→ BRIEF
Pictures excluded, copy word for word the lines from the one holding "Сьогодні, 9 листопада, місцеві" through the last line below.

→ SUPPLIED DATA

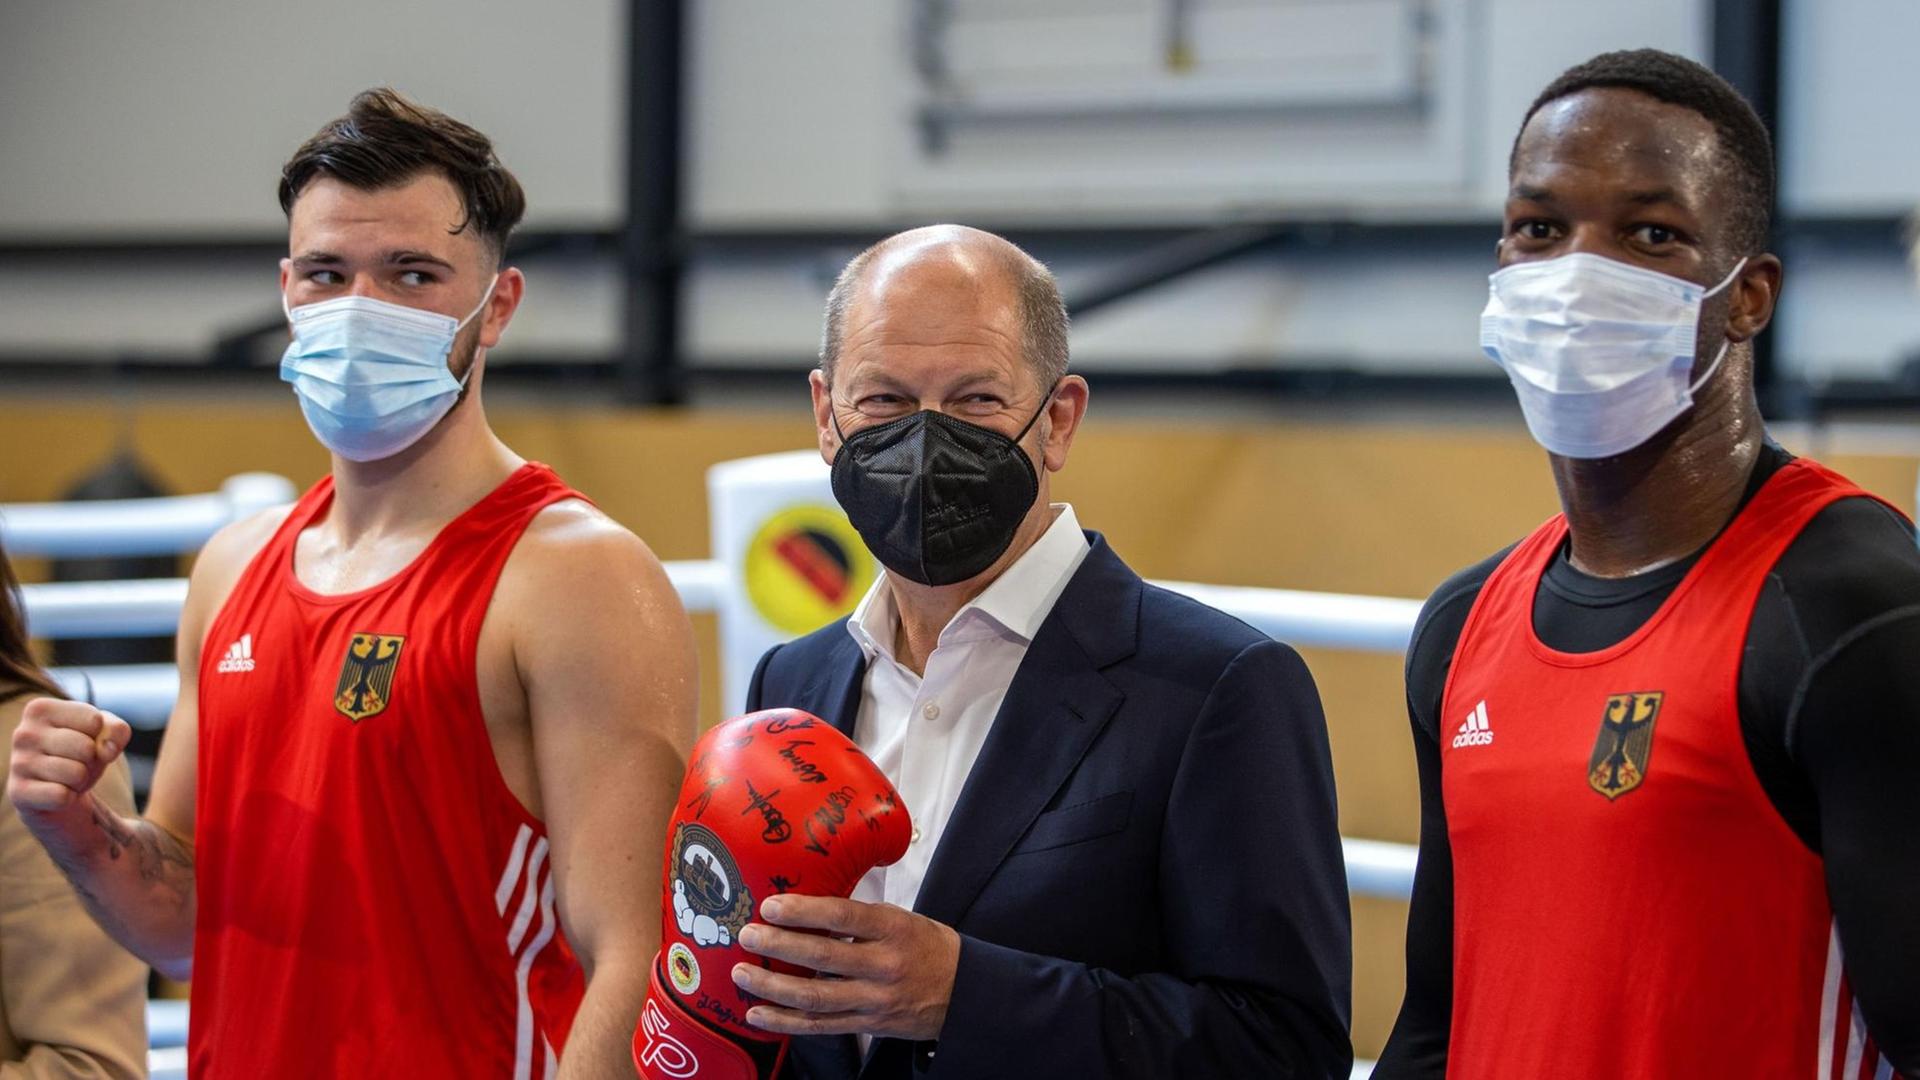 Olaf Scholz, Kanzlerkandidat der SPD für die Bundestagswahl, steht mit einem Boxhandschuh beim Besuch des Boxclub Traktor Schwerin im Boxring zwischen den Boxern Kevin Boakye-Schumann (r) und Deniel Krotter (l).
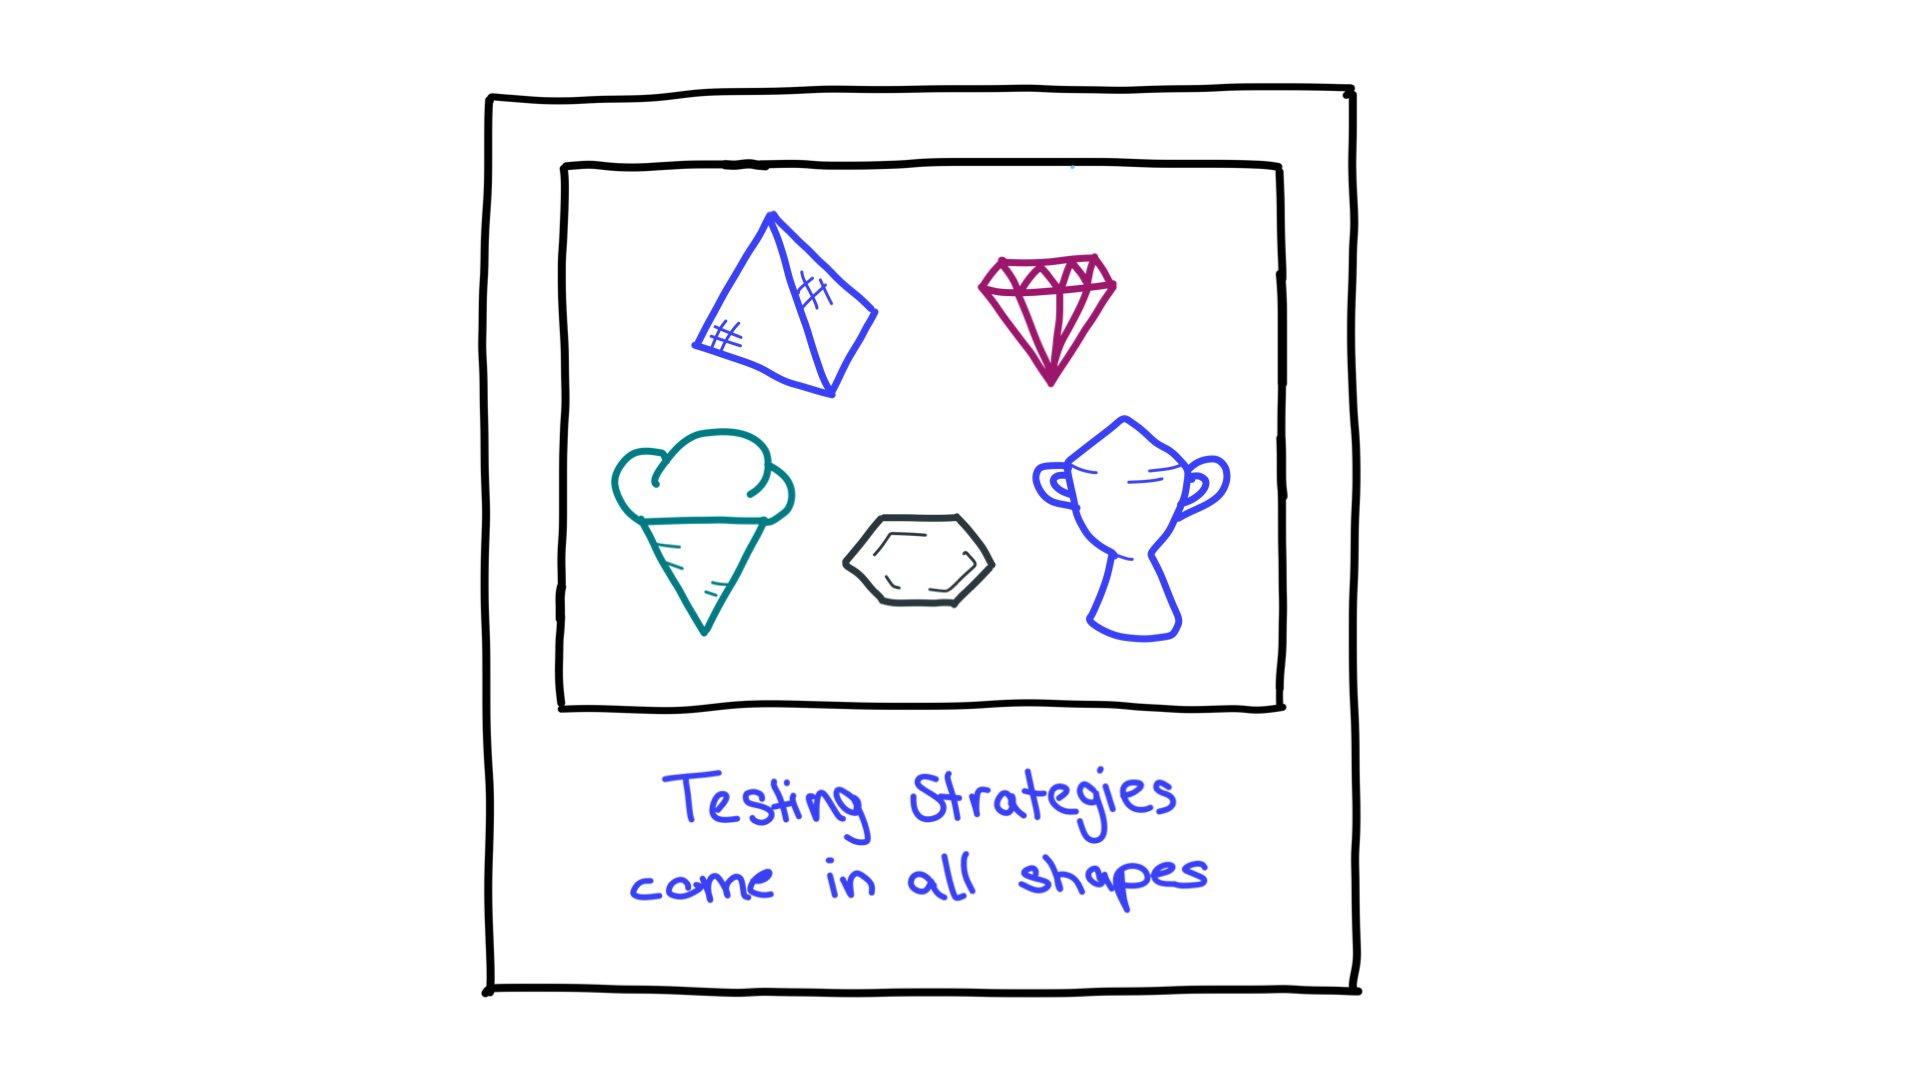 一些测试策略形状的示例：金字塔、切割的钻石、圆筒冰淇淋、六边形和奖杯。
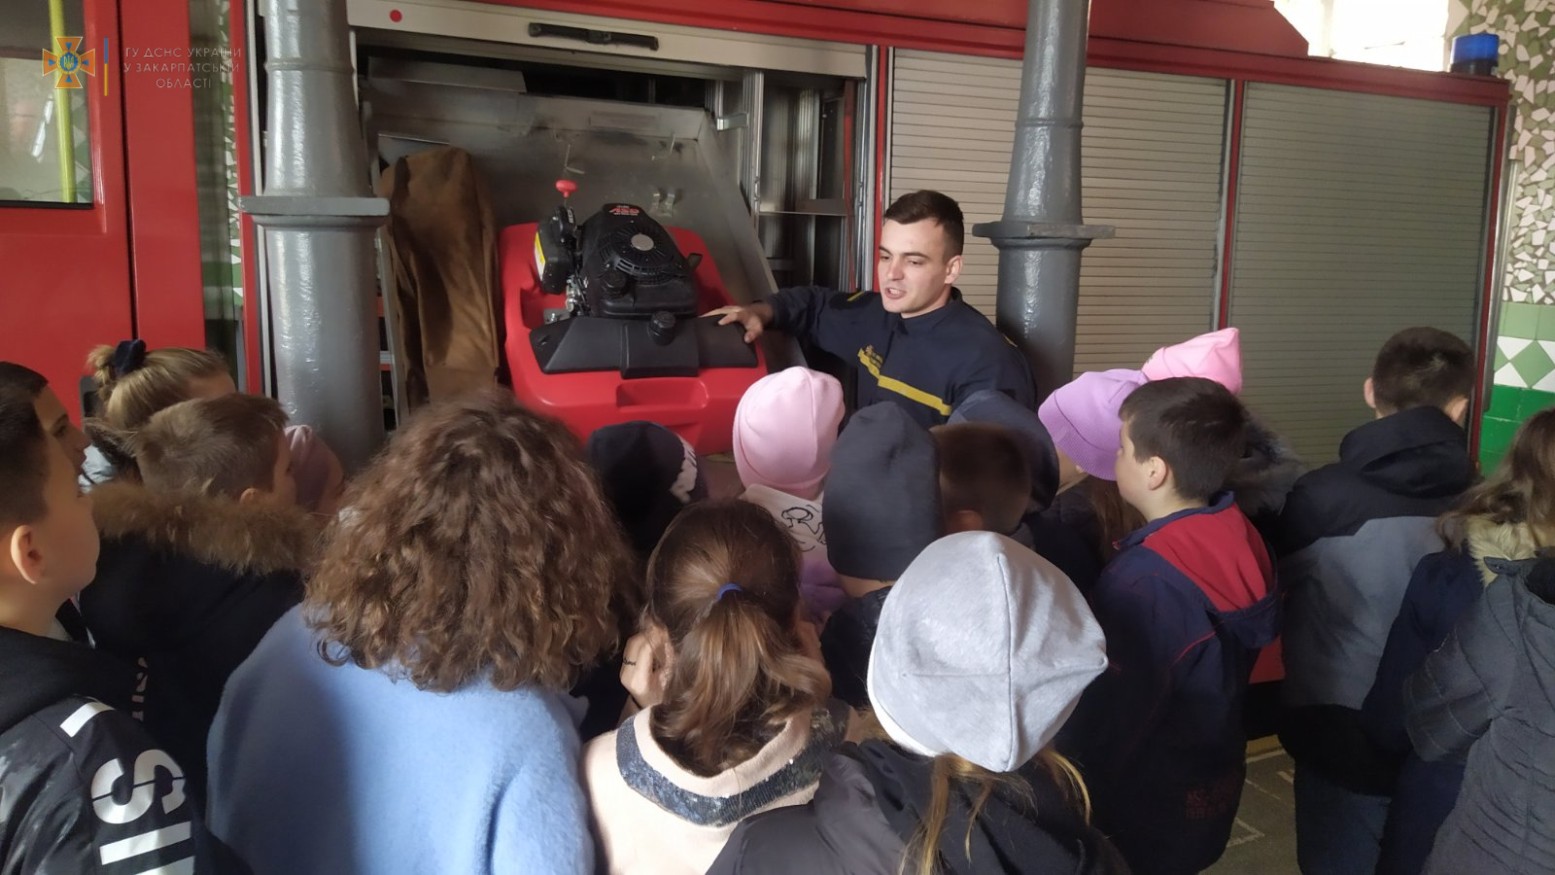 Сьогодні, 9 листопада, місцеві рятувальники радо зустрічали у себе шестикласників Мукачівської спеціалізованої школи І-ІІІ ступенів №4 для знайомства та навчання правила безпечного життя.
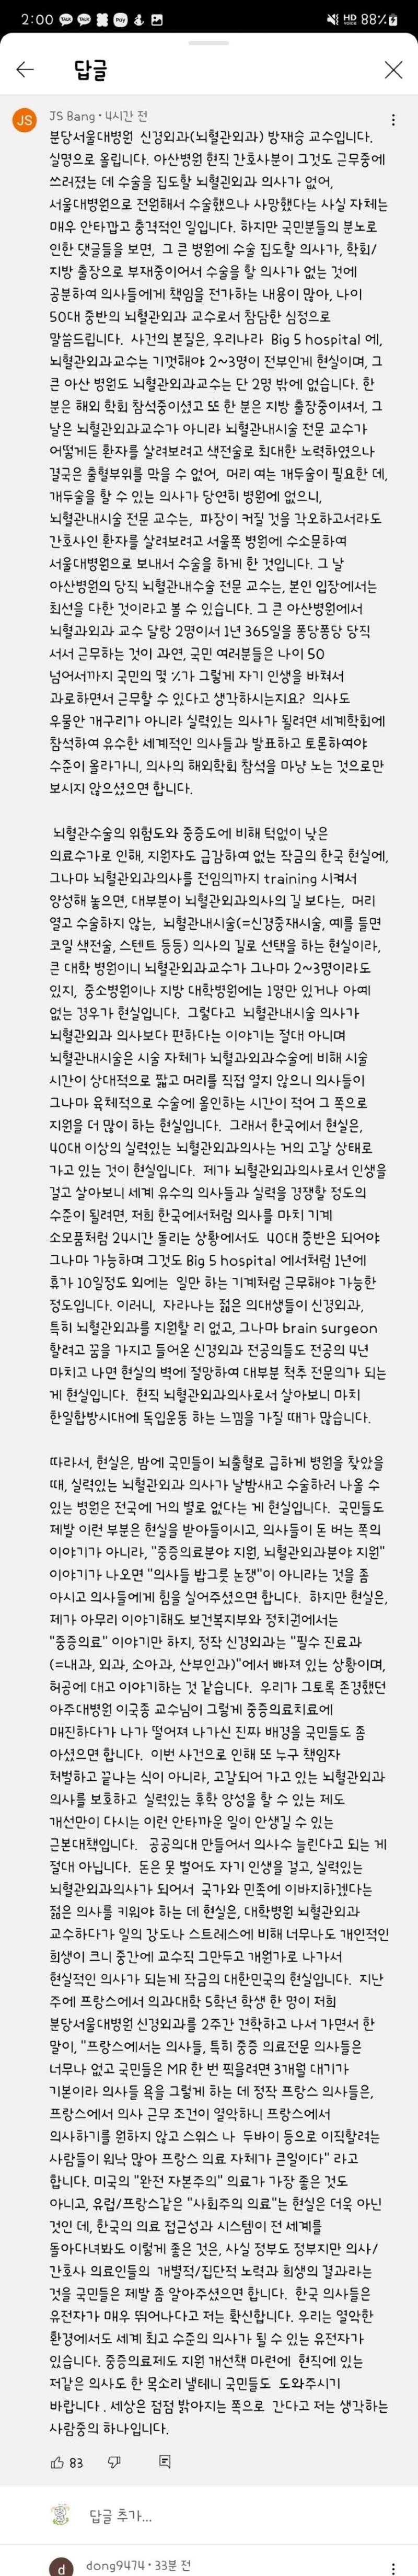 아산병원 간호사 수술한 서울대 의사가 쓴 댓글…
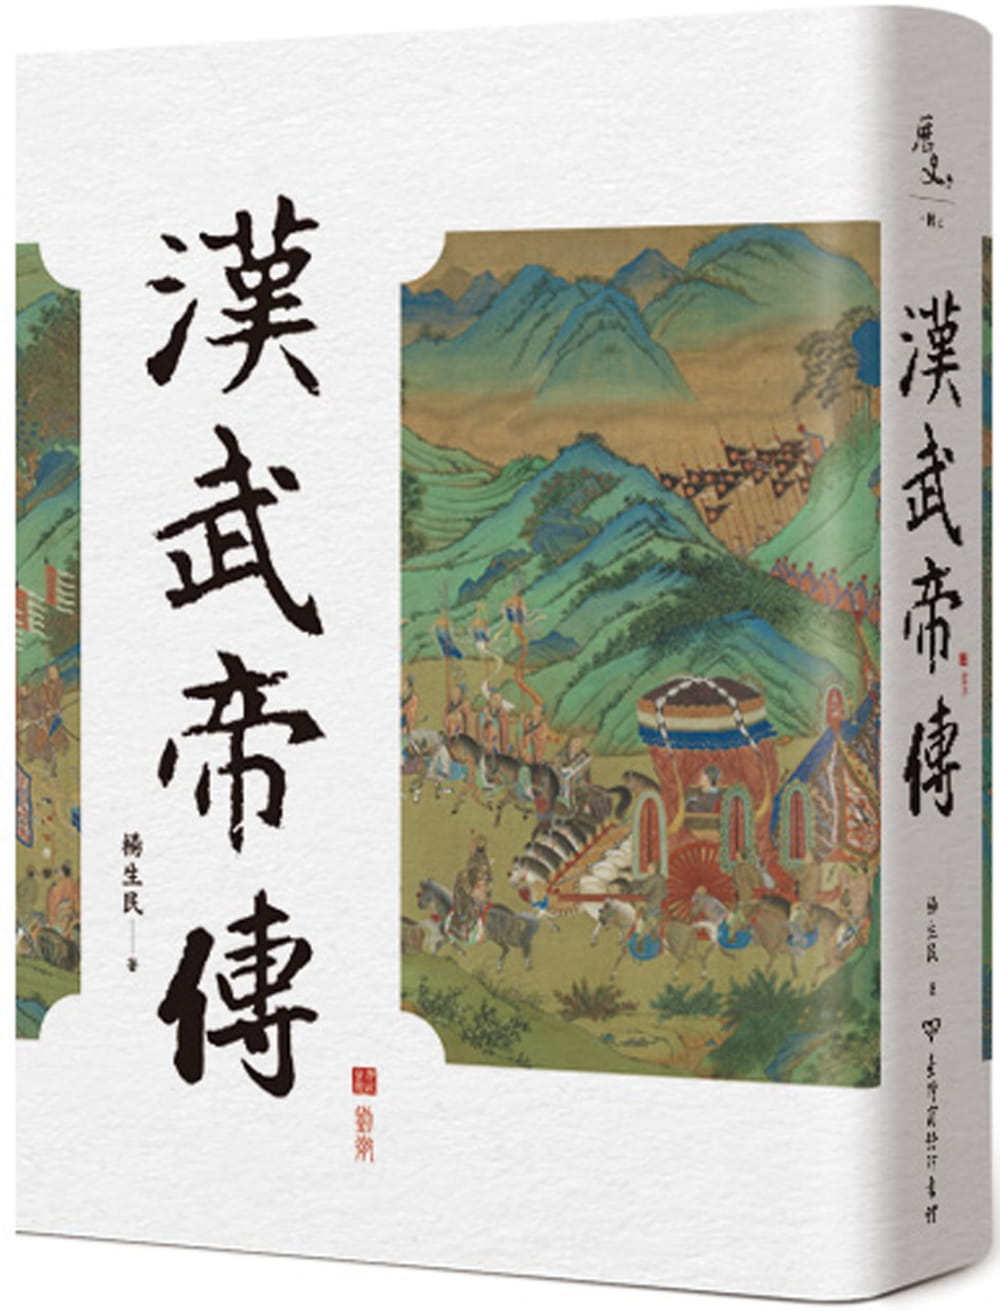 现货 杨生民 汉武帝传(2版) 中国台湾商务 原版进口书

→ RESPONSE FOR THIS EXERCISE
 Сьогодні, 9 листопада, місцеві рятувальники радо зустрічали у себе шестикласників Мукачівської спеціалізованої школи І-ІІІ ступенів №4 для знайомства та навчання правила безпечного життя.
 아산병원 간호사 수술한 서울대 의사가 쓴 댓글…
 现货 杨生民 汉武帝传(2版) 中国台湾商务 原版进口书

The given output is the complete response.